Sometimes it is really easy, other times you waste your time. A good synchronization between files or folders is something you need everyday but it could become a nightmare if you miss something.

In my specific case I need to automate a synchronization between a folder (F1) where I usually save my office files (Documents) with a second folder contained, for security reasons, in an encrypted volume/partition (F2). This last folder (F2) automatically synchronize its content with a third folder (F3), located in the same encrypted volume/partition, that is the client folder of a remote storage hosting (F4).

This also means that when I am out of the office and I add a file in the online storage host (F4) the document is automatically copied to the client folder of the remote storage hosting and to the folder located in an encrypted volume/partition (F2 and F3).

Moreover, I need to erase the Documents folder F1 as soon as it is synchronized with its mirror F2 in the encrypted volume.

The described scenario is common in the everyday working life and it is conceptually not hard to solve… in theory… When I tried to set up the above described operations using grsync on Fedora and Ubuntu I had big problems to obtain an acceptable result.

Many times the synchronization was unidirectional and I was not able to run it properly just using grsync still I found one right solution with Synkron.
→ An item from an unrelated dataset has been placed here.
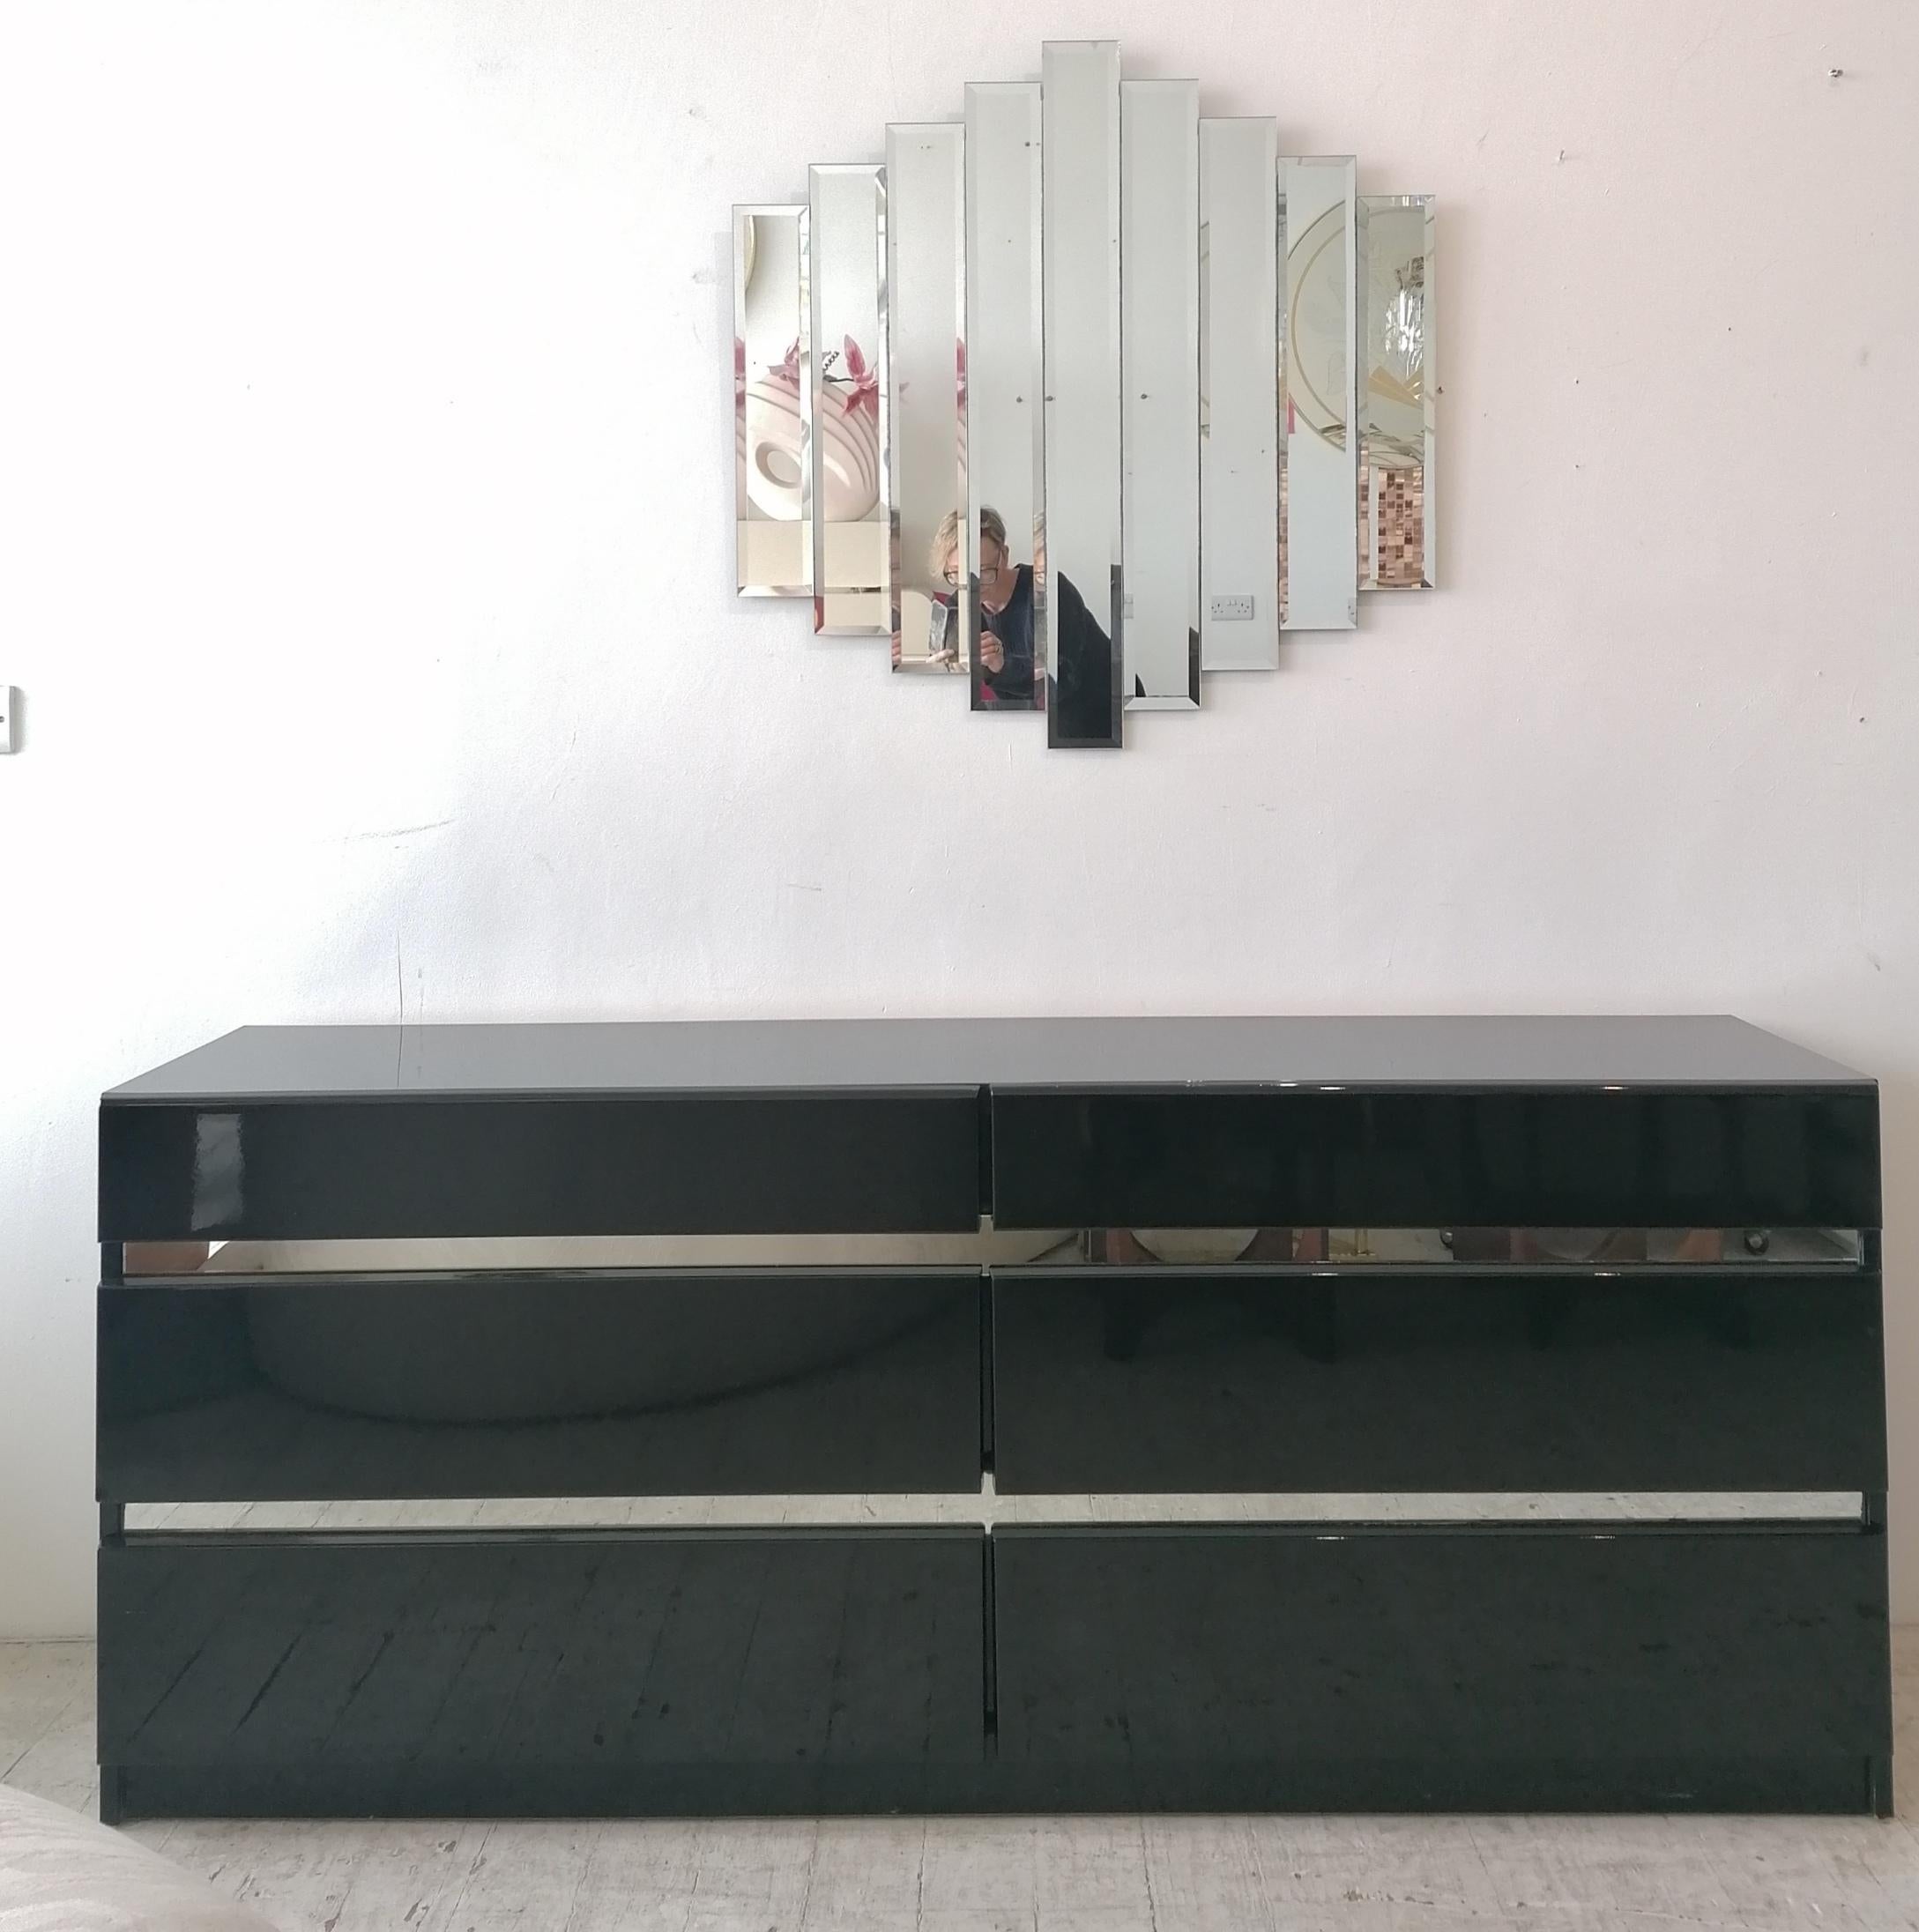 1980s art deco revival black lacquer sideboard with drawers / dresser, by Millennium, USA. Looks like chrome edging, but is actually mirror glass. In great vintage condition, ie very minor scuffs and scratches. See video for clearest view.

We also

Synkron  is a multi platform software (Linux, OSX, Windows and portable) written in C++ that is really flexible for all multitasking synchronization needs.
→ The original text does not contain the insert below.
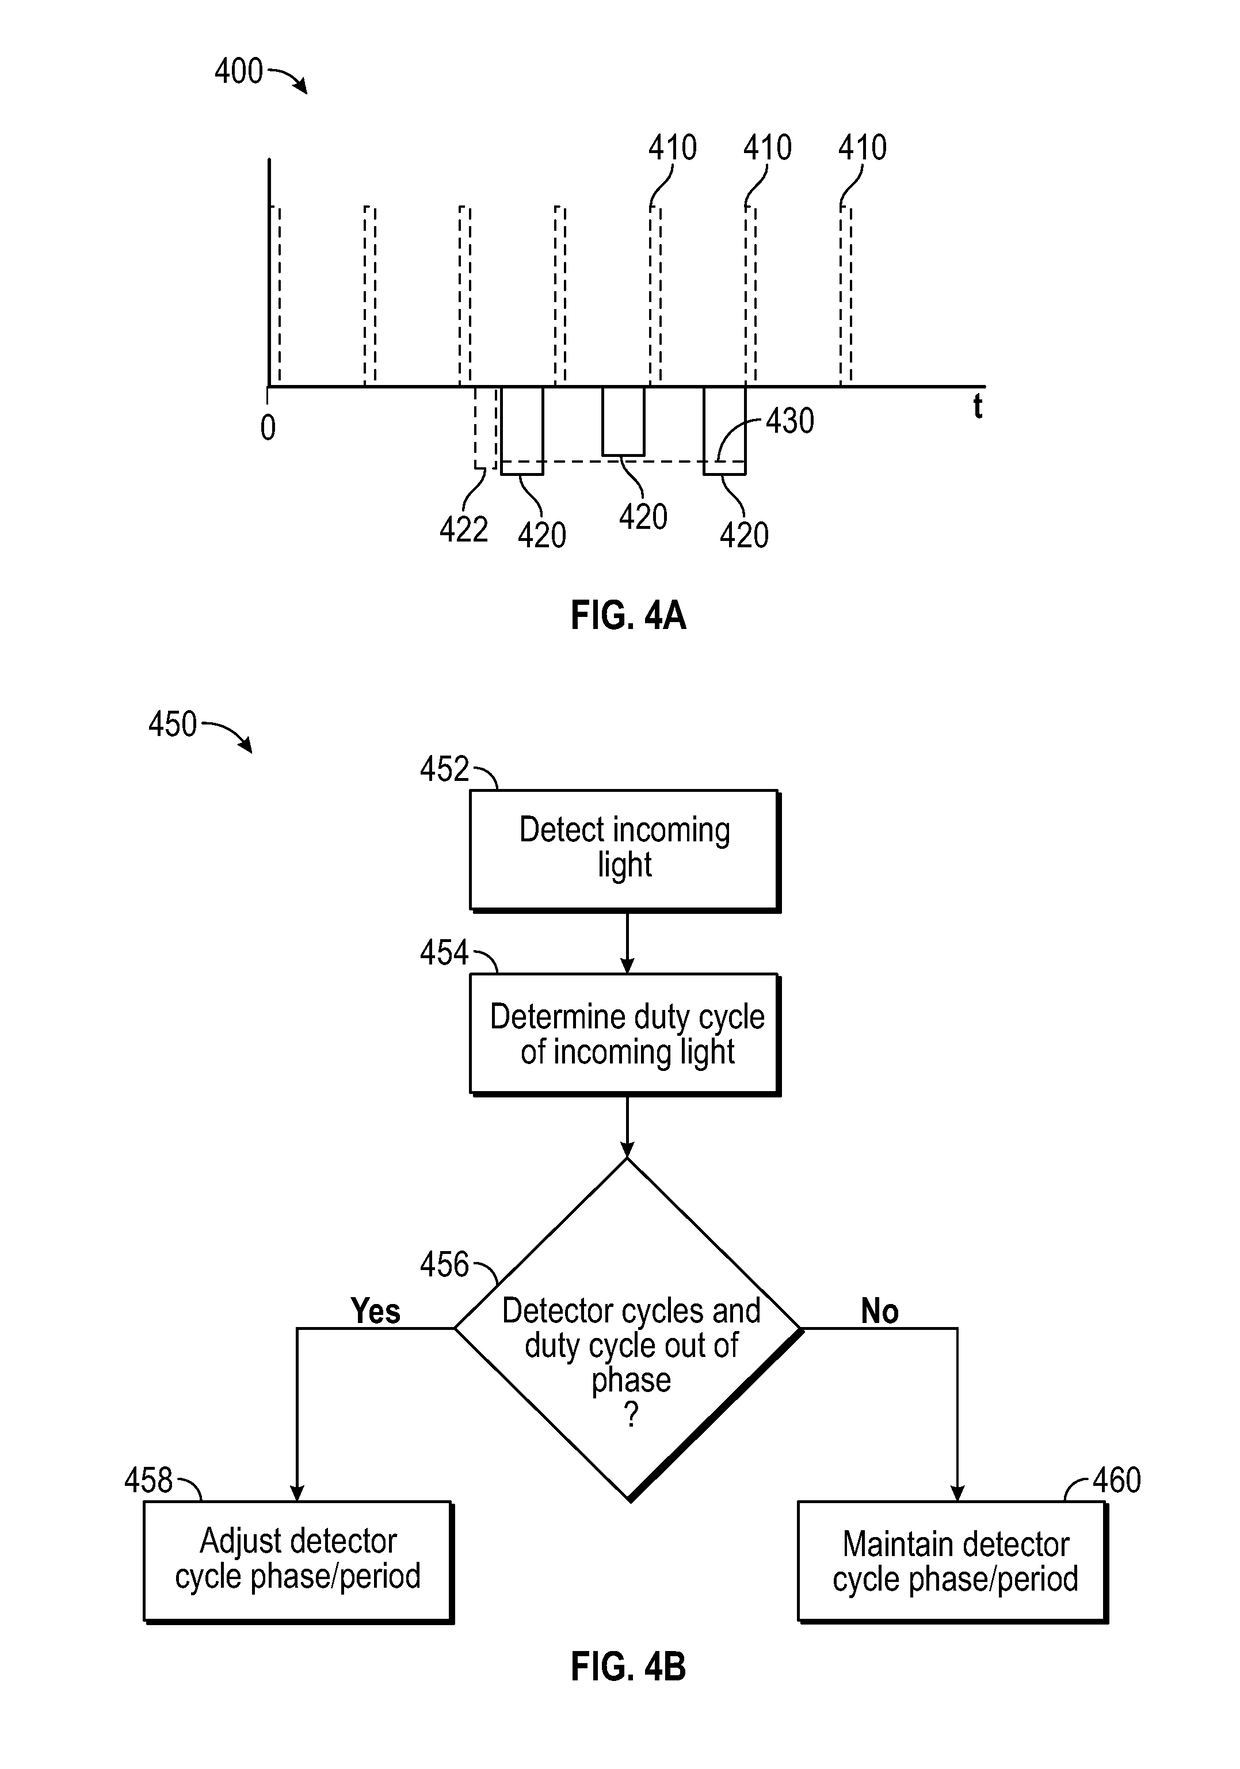 Controlling dimming of mirrors or displays using dual-function lighting

First of all, Synkron is multi-tab and this is a winning features because it let you to “slice” any problem (synchronization matter) into simple, easy to solve, tasks.

In my example I determined the two Folders I wanted to sync – F1 & F2) and  decided thath both folders had to be considered as Master by the software.

Then I used the Advanced Menu and I chose to “Move contents to Folder 2, leaving folder 1 empty” and to “Store database in a text file” for my convenience (F1 to F2 deleting F1 contents after synchronization).

At this point, I opened a second synchronization tab where I selected two folders (F2 to F3 sync) and I also asked Synkron to “Synchronize hidden files and folders” and to “Detect collisions”.

At this point I had obtained an acceptable solution to my initial task, simply dividing my problem into two separate operations.

Moreover, I’ld like to focus your attention on the fact that Synkron has a specific feature for multi-synchronizing three or more folders at the same tome. The tuning of this particular feature is really intuitive and you can also selected many of the different advanced options we described here above.

If you have complex synchronization needs and you have many tabs configured you can always choose what tabs you want to activate or deactivate using the “Sync folders” option you find in the upper part of each tabs. Another option for this specific issue is represented by the SyncView visualization that let ypu to have a quick general glimpse about the state of all the sync and multisync tabs.

Synkron has simply fantastic scheduling options that are able to solve any need you may have.

Furthermore you can decide to automatically synchronize your folder as soon as you launch Synkron.

You can also decide to automatically run Synkron at the startup but, in this case, you need to manually configure your Startup Menu.

As extra features you can always decide to create Blacklists that will exclude specific files, folders or extensions from the synchronization.

In addition you can define Filters by extensions to better refine your synchronization.

Last but not least, when you run Synkron you obtain a detailed report in real-time where you can check the state of operations by colors.

2 thoughts on “Synkron: a flexible & powerful way to synchronize your files or folders on Linux – An “encrypted” example for security and privacy reasons

  1. Pingback: Remote-sync files and folder securely | 0ddn1x: tricks with *nix

  2. KitchM

    Very nice article. Thank you for that.

    However, I am unclear about something. Could you please explain the connection to the client folder of the remote storage location, as you described in paragraph three? How do you sync that? Do you use tunnelling or other?